_Material provided_:
[Start of section]
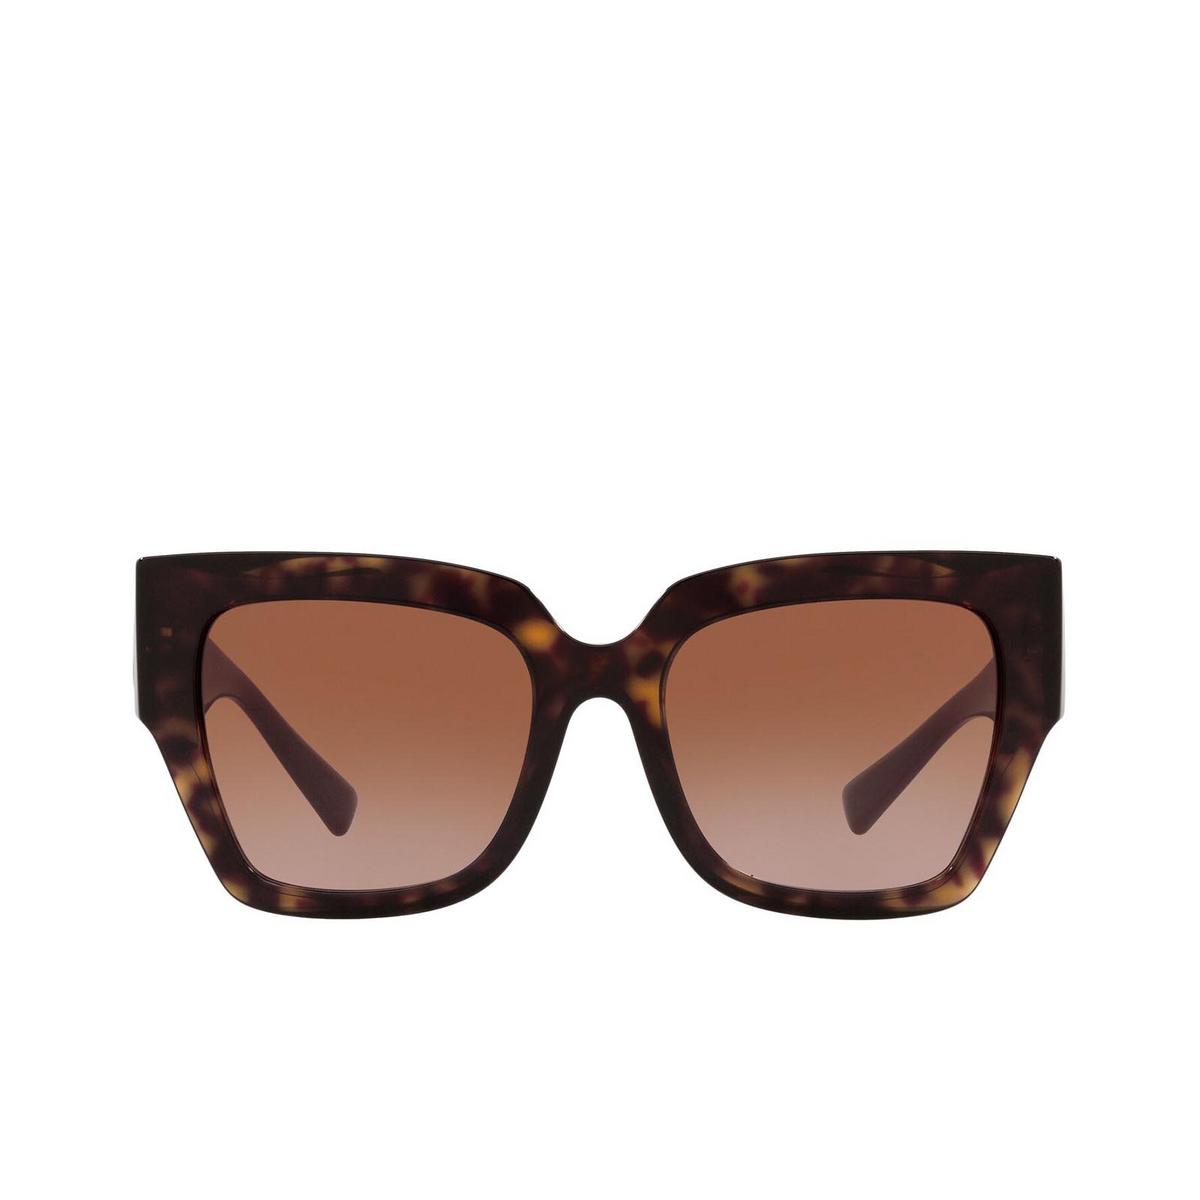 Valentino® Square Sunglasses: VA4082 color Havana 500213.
[End of section]
[Start of section]
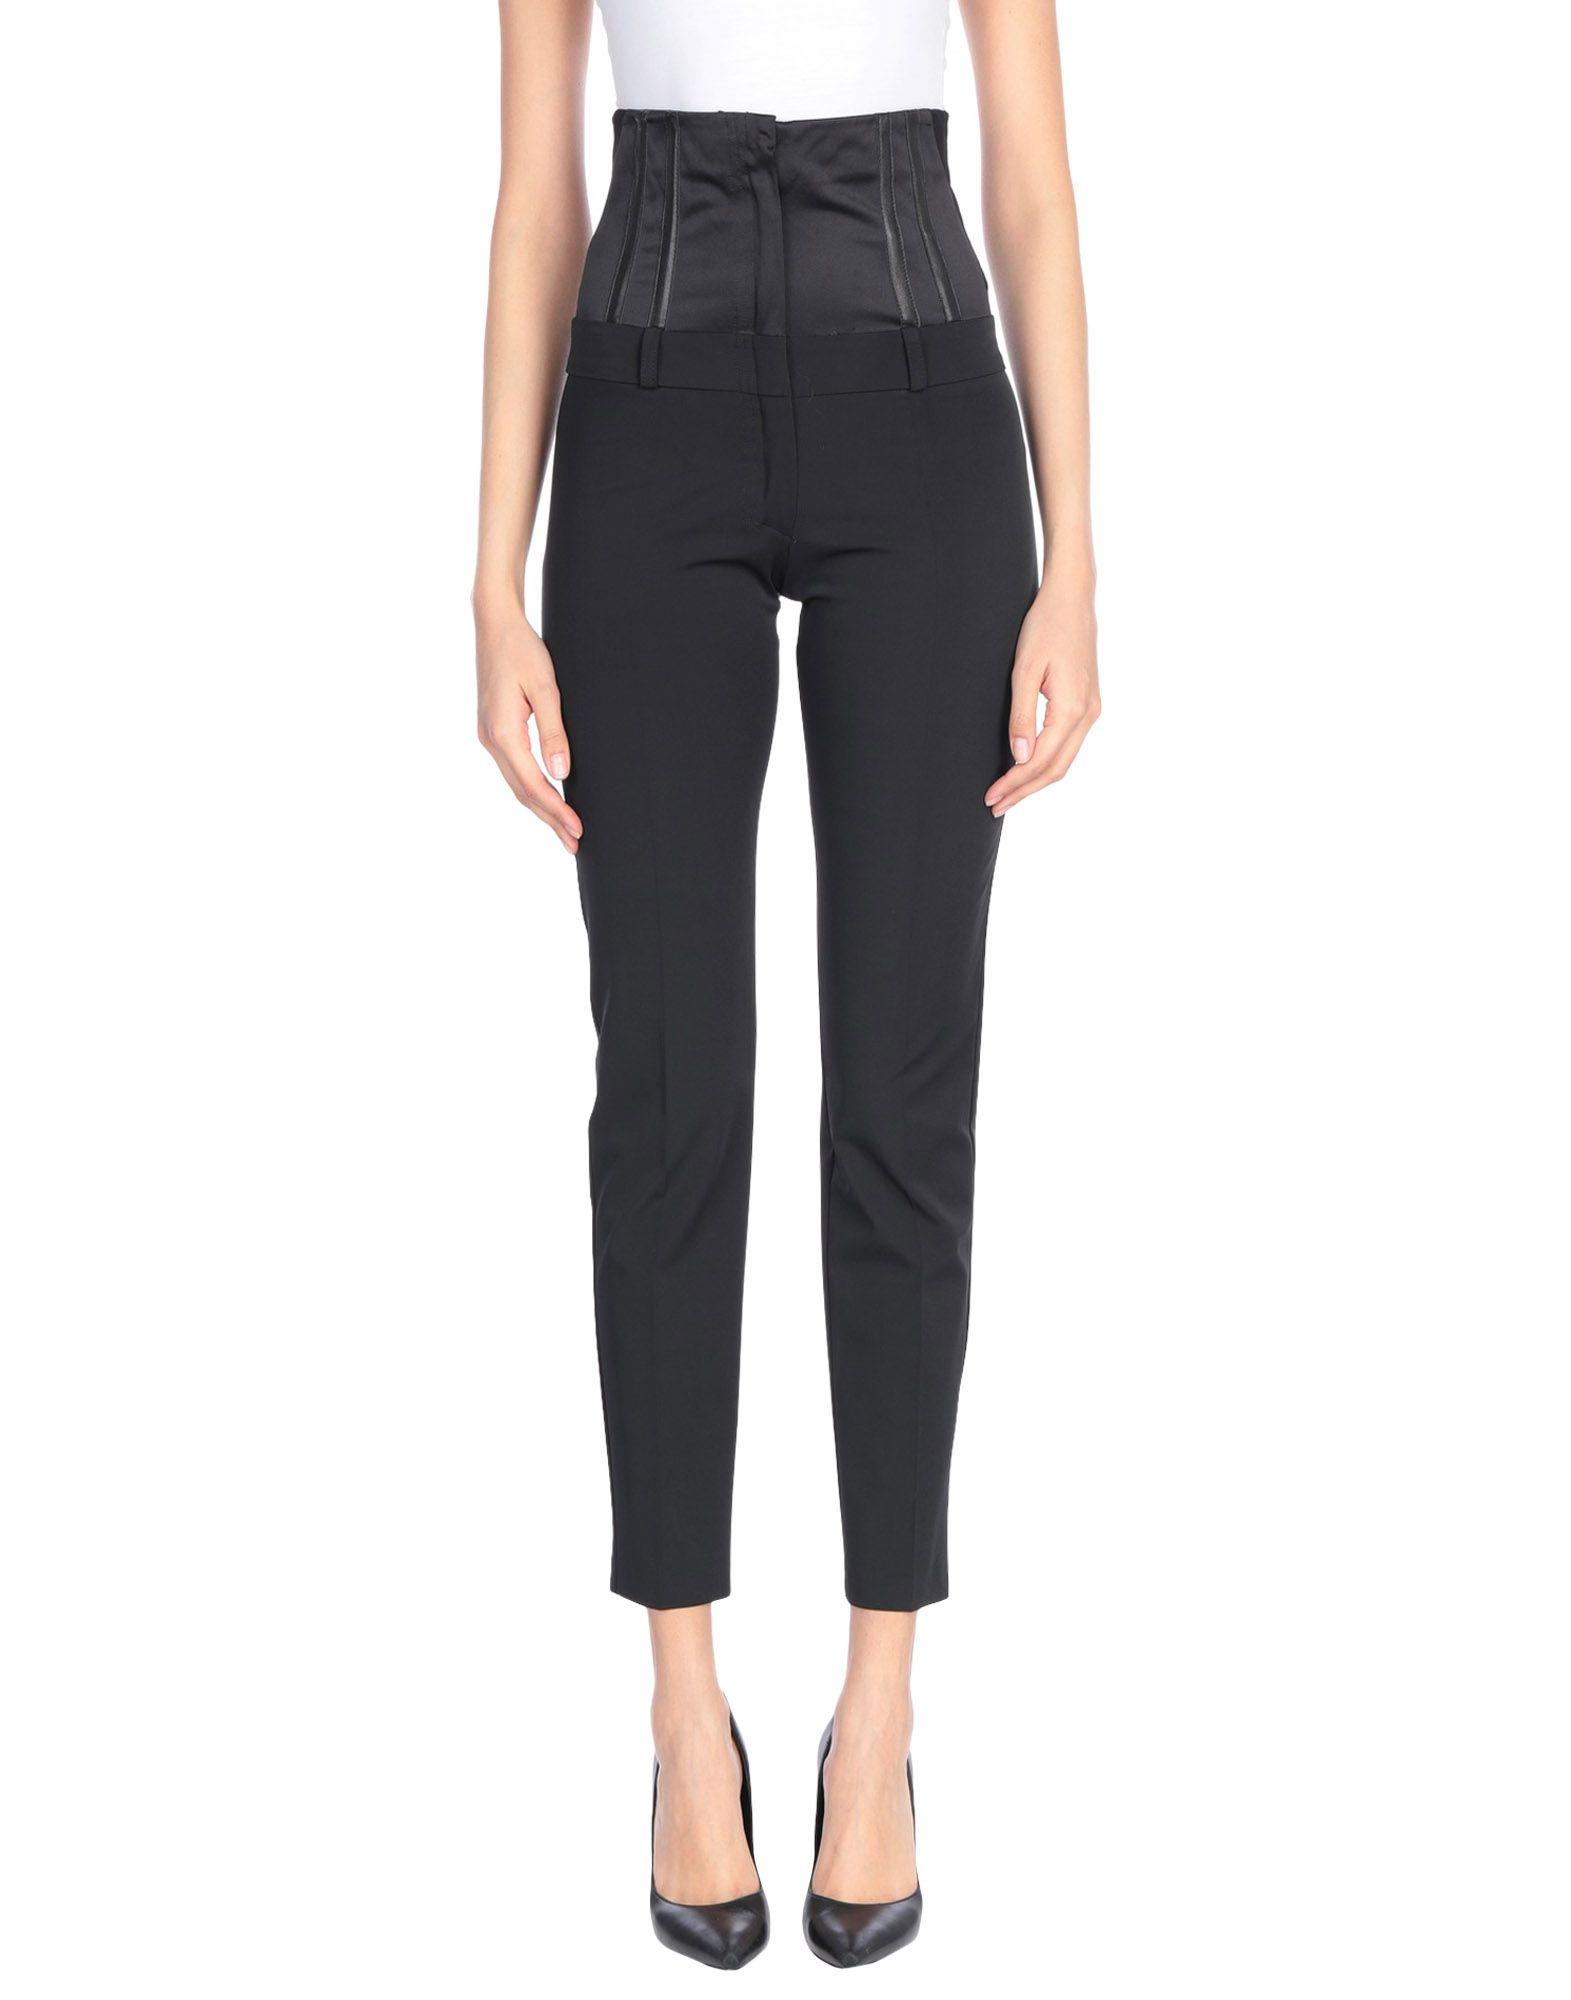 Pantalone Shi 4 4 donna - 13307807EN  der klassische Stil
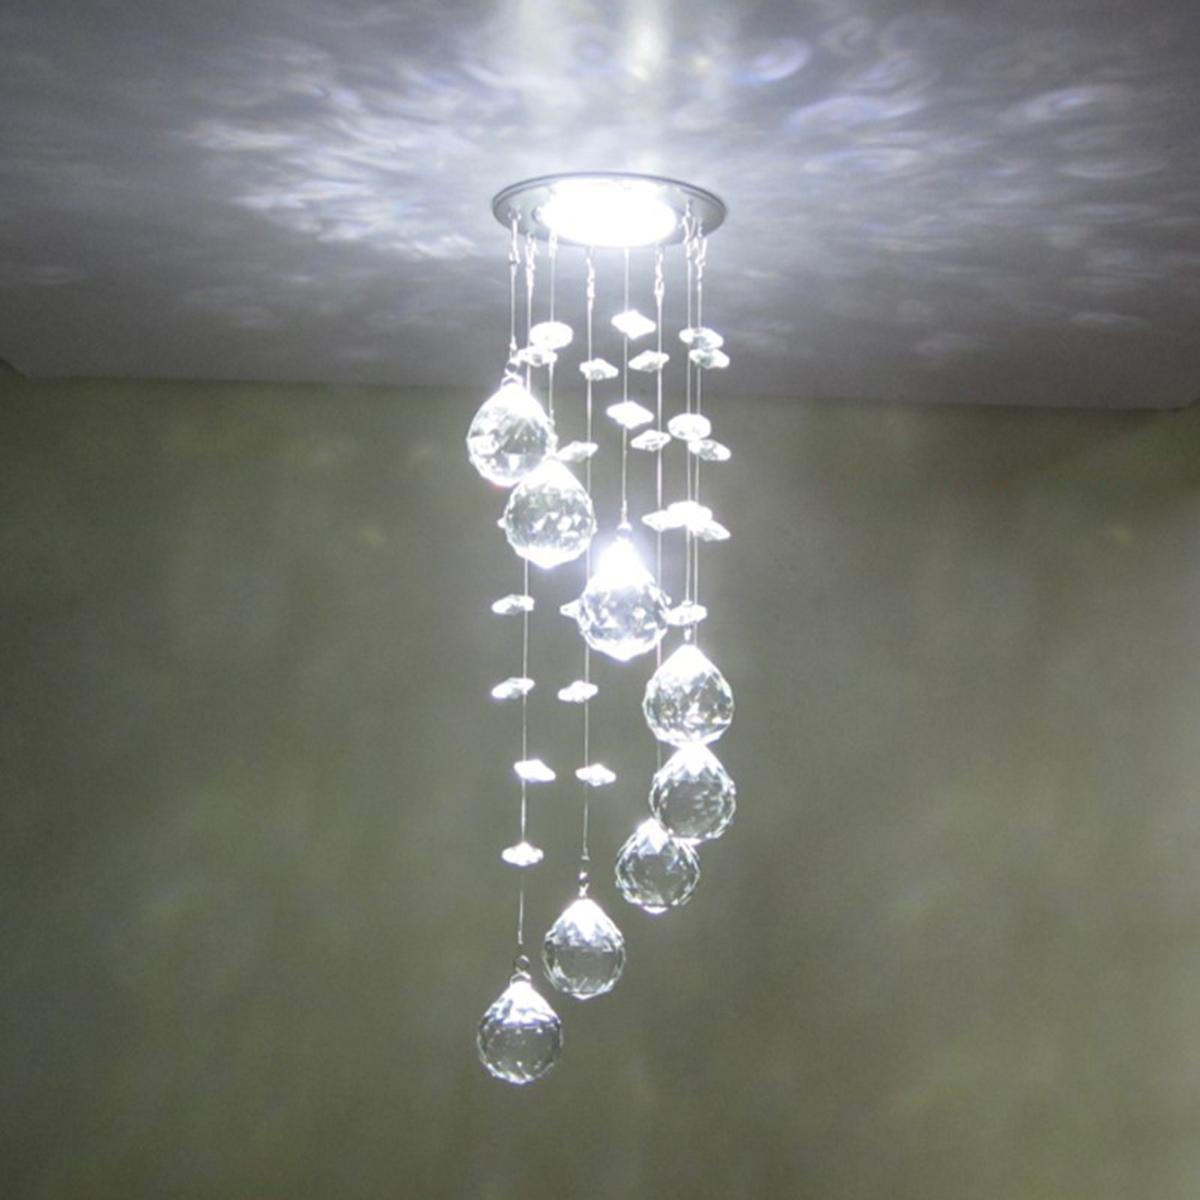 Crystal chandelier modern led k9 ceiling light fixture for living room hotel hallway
[End of section]
_Work instructions_:
Copy back exactly the lines above from the one containing "Pantalone Shi 4" through the one containing "Crystal chandelier modern", and leave every picture behind.

_The answer_:
 Pantalone Shi 4 4 donna - 13307807EN  der klassische Stil
 Crystal chandelier modern led k9 ceiling light fixture for living room hotel hallway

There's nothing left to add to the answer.